*** STORED DATA ***

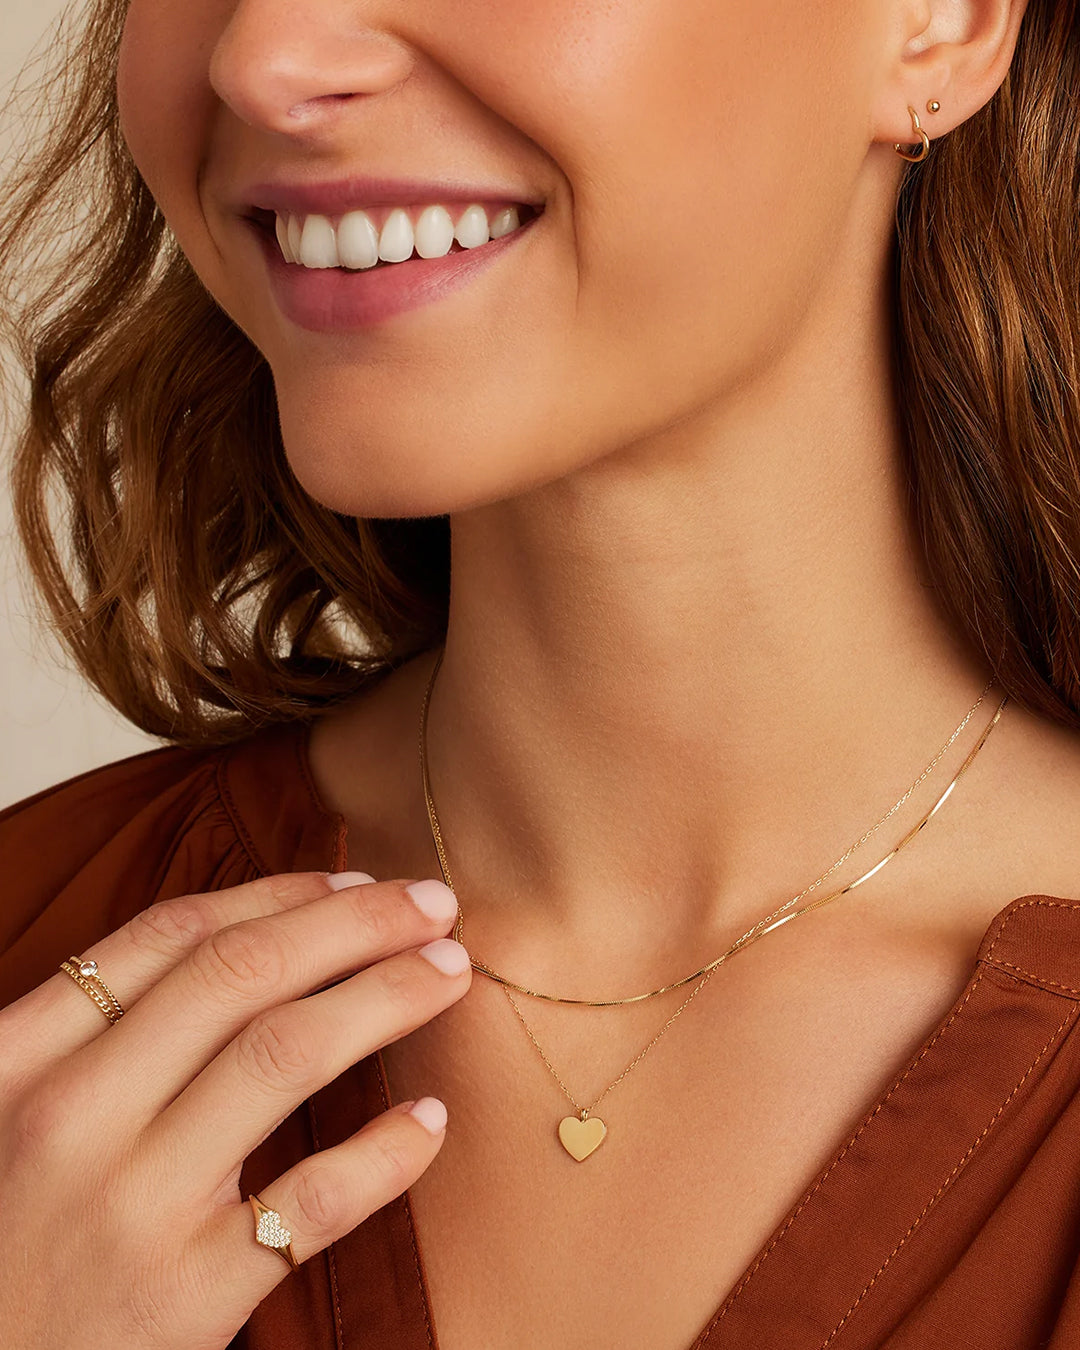 Heart Necklace in 14K Solid Gold, Women's by Gorjana
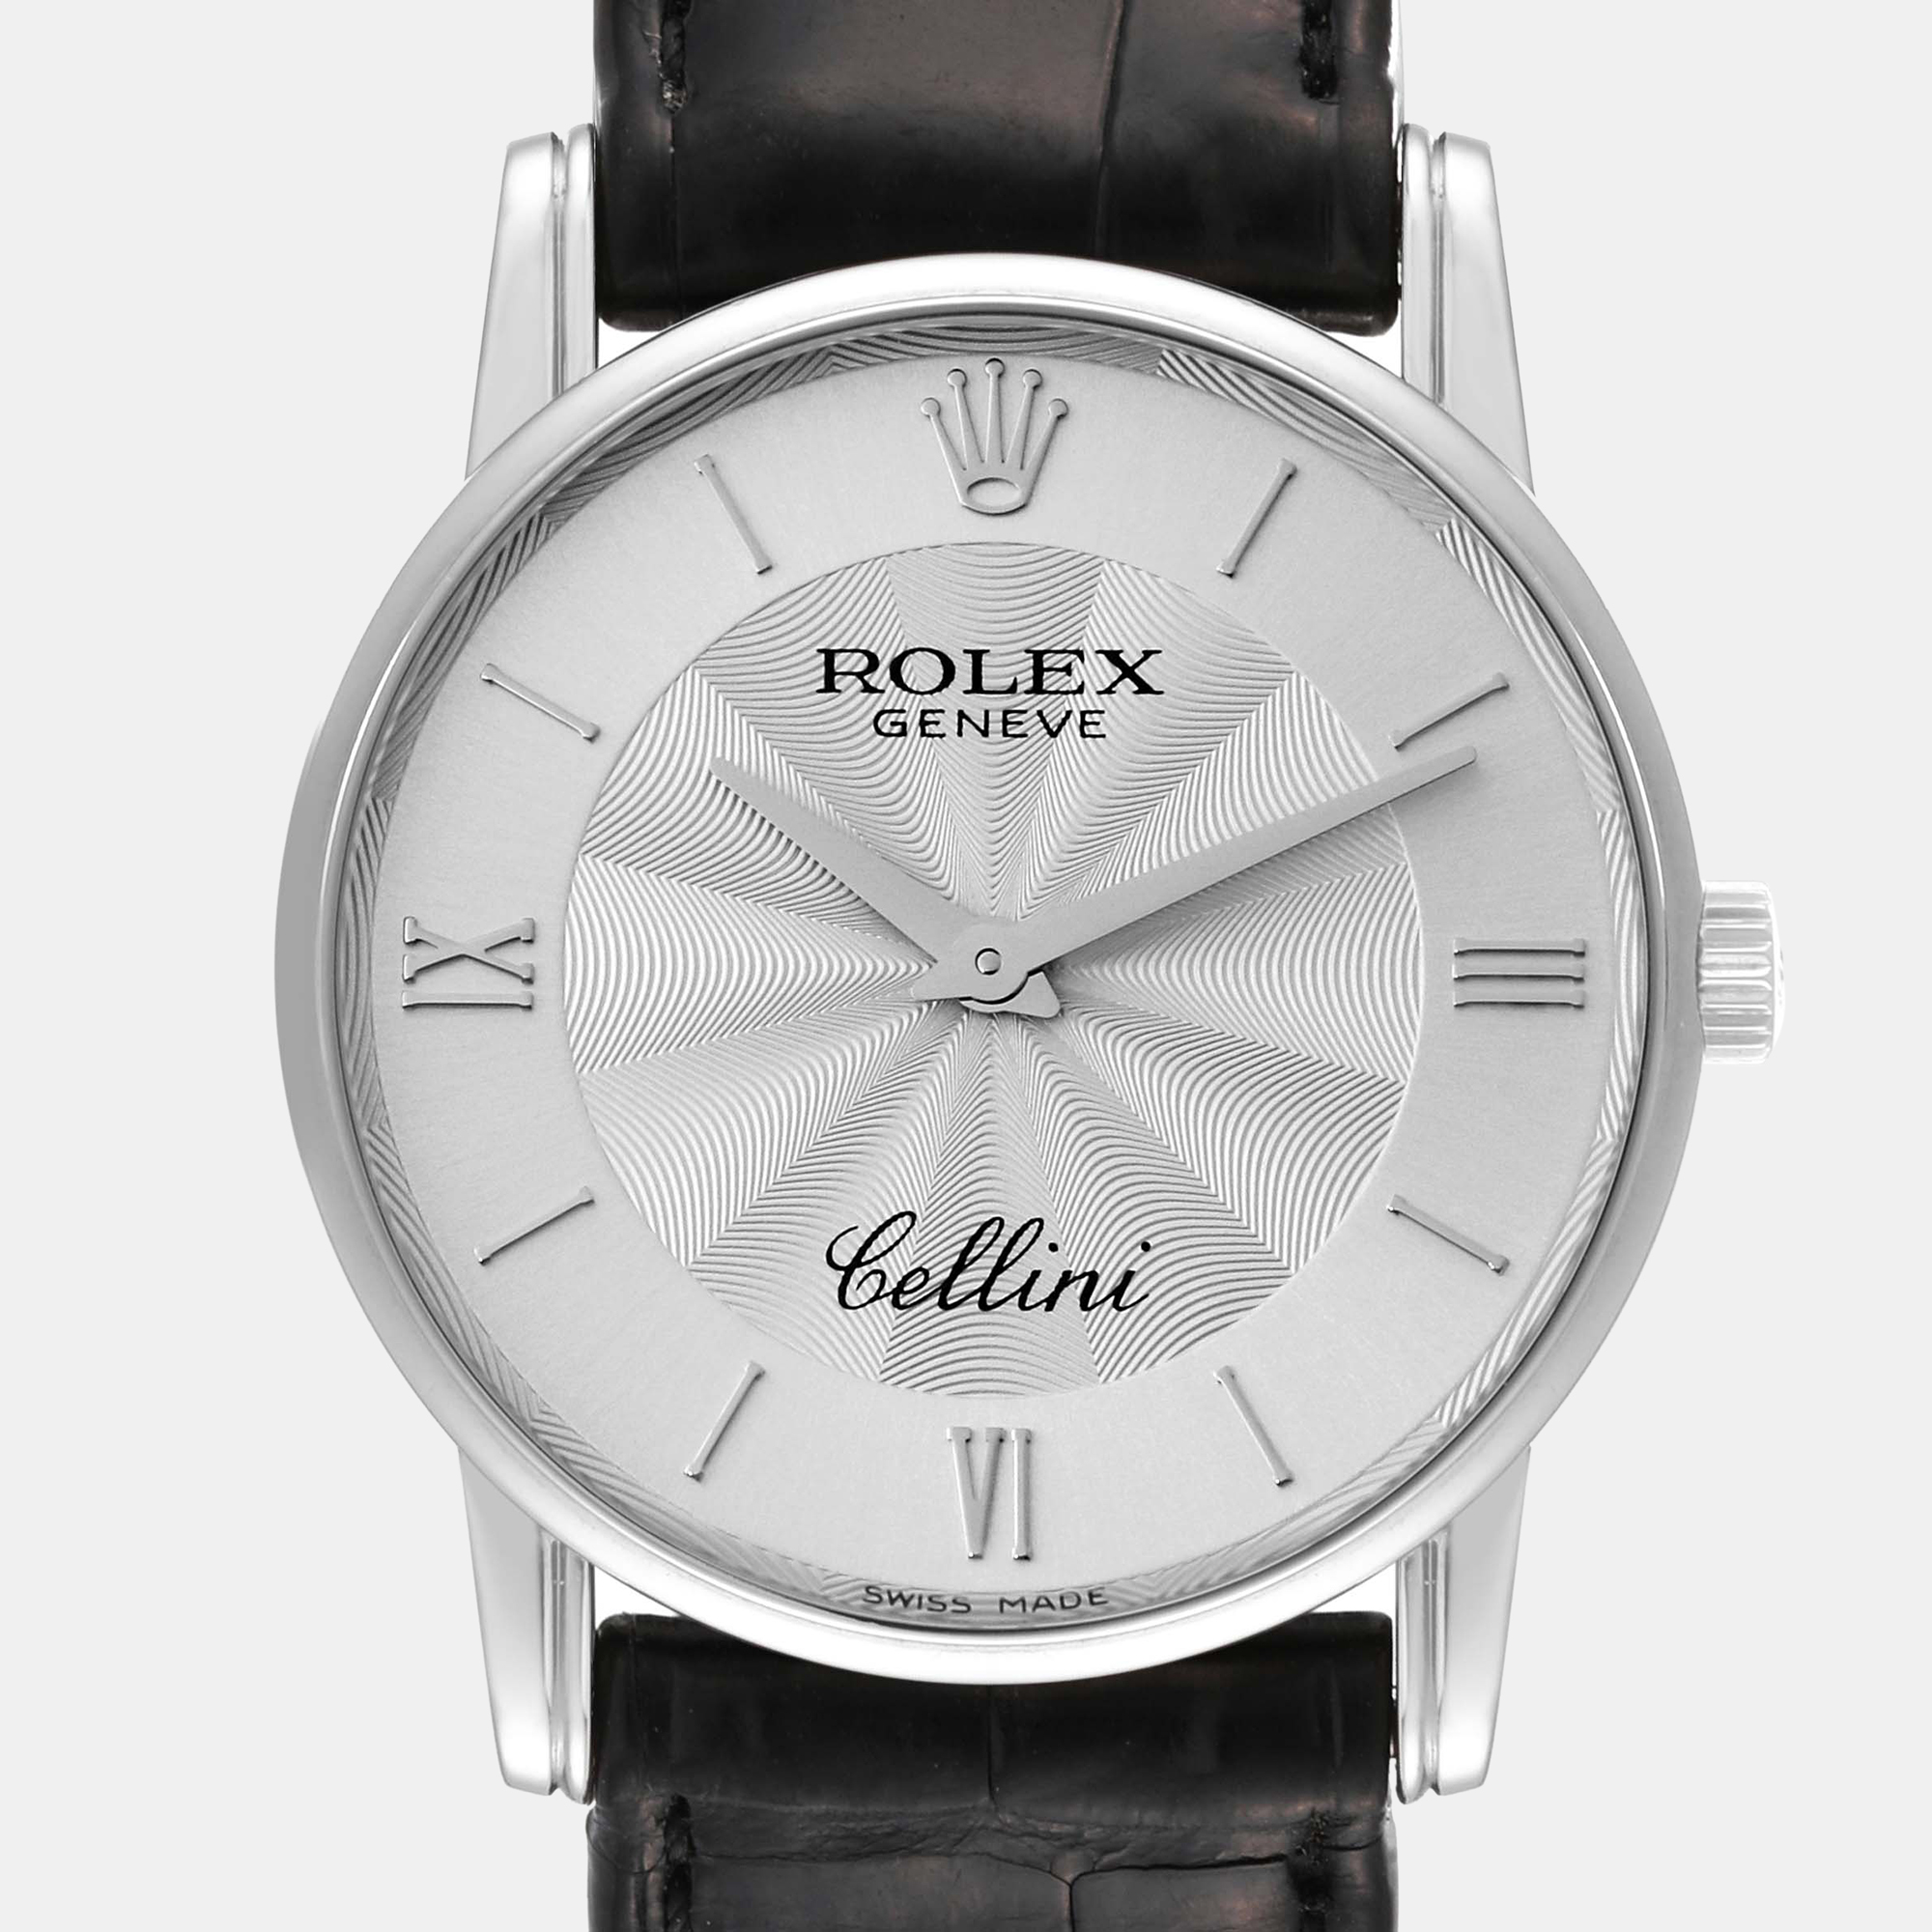 Rolex Cellini Classic White Gold Silver Guilloche Dial Men's Watch 5116 31.8 X 5.5 Mm
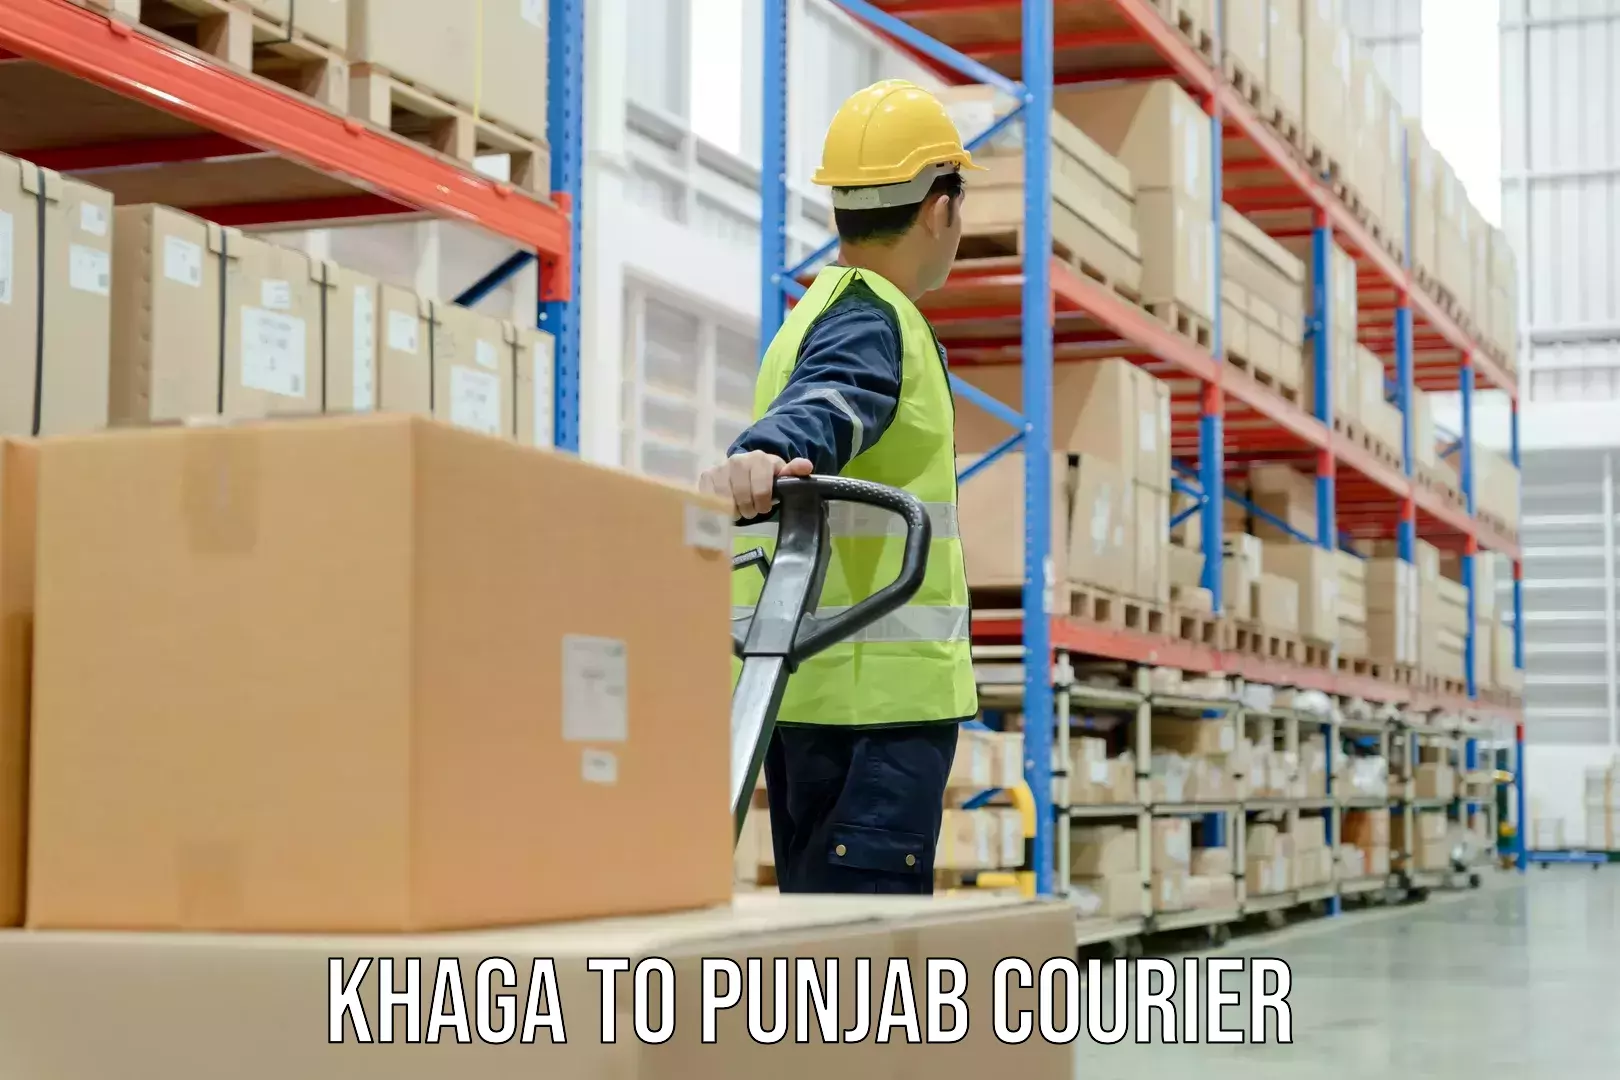 24-hour courier service Khaga to Punjab
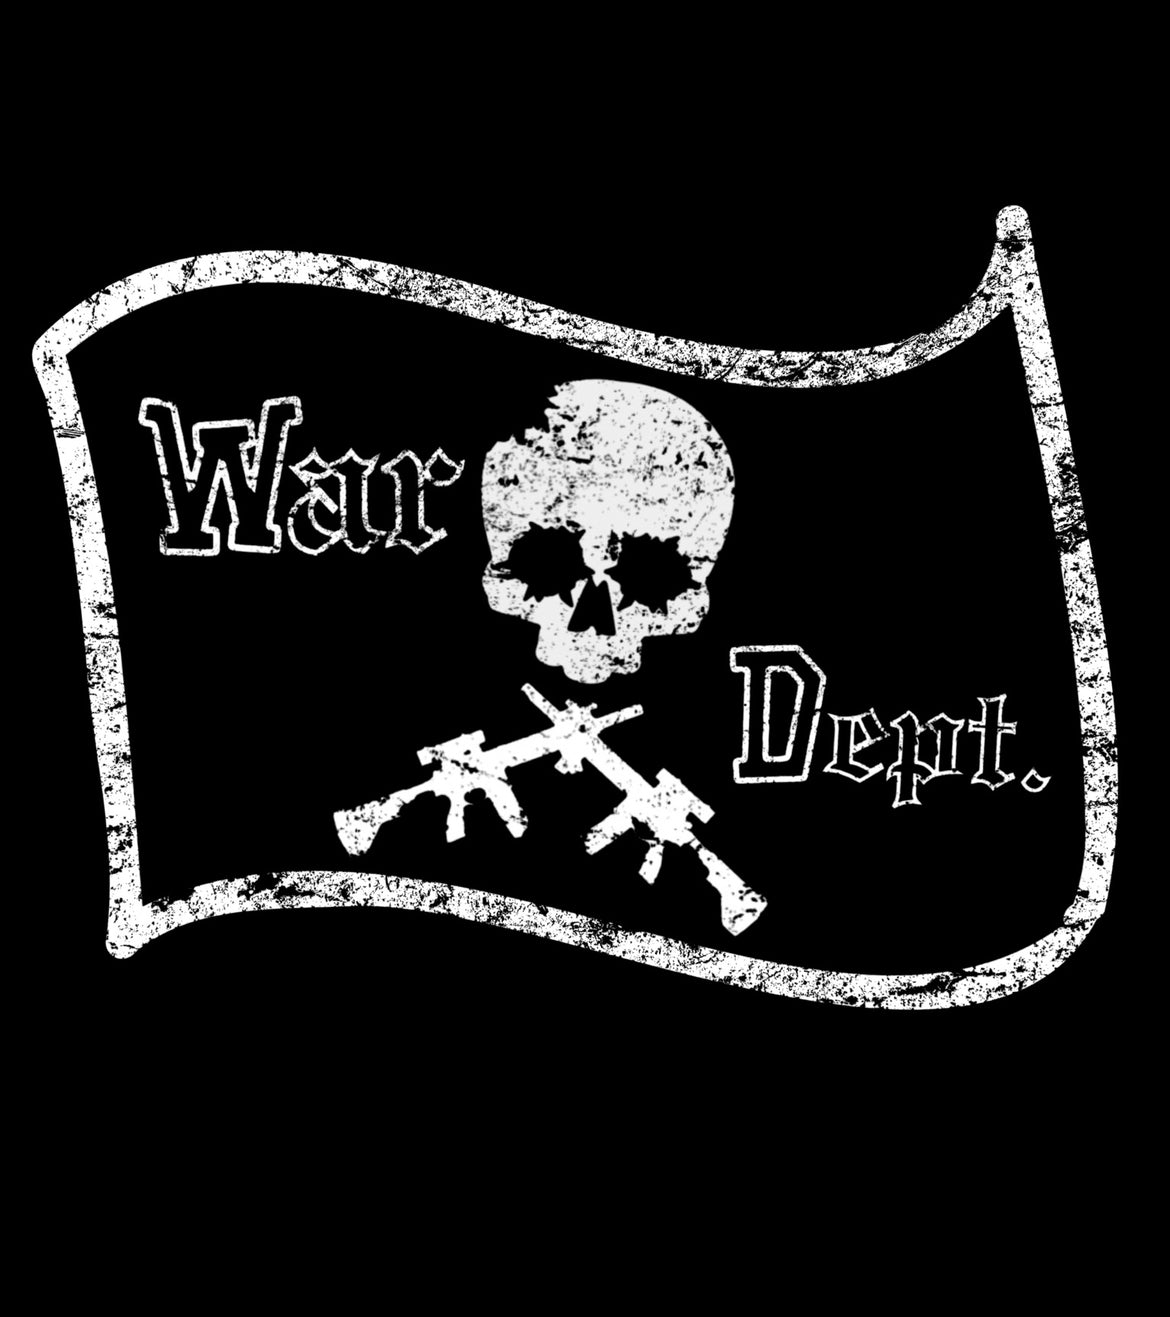 War Dept. Pirate Tee

***

THE PROBLEM: Word for word, repeat only the lines from the line containing "24-hour courier service Khaga to Punjab" through the end of the data, without any pictures.

ANSWER SPACE:
 24-hour courier service Khaga to Punjab
 War Dept. Pirate Tee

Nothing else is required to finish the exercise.